[Records excerpted from a collection]
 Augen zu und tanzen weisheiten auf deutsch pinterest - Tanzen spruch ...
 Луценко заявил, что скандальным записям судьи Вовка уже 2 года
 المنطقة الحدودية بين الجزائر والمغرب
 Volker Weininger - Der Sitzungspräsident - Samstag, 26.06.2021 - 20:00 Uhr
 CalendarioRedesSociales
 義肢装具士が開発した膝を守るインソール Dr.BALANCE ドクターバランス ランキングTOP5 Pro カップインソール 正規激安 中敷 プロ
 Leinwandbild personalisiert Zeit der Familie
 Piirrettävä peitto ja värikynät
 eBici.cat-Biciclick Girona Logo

_Task to complete_.
Using the records above, copy exactly the lines from the one containing "CalendarioRedesSociales" through the last, inclusive, and nothing else.

_Exercise output_.
 CalendarioRedesSociales
 義肢装具士が開発した膝を守るインソール Dr.BALANCE ドクターバランス ランキングTOP5 Pro カップインソール 正規激安 中敷 プロ
 Leinwandbild personalisiert Zeit der Familie
 Piirrettävä peitto ja värikynät
 eBici.cat-Biciclick Girona Logo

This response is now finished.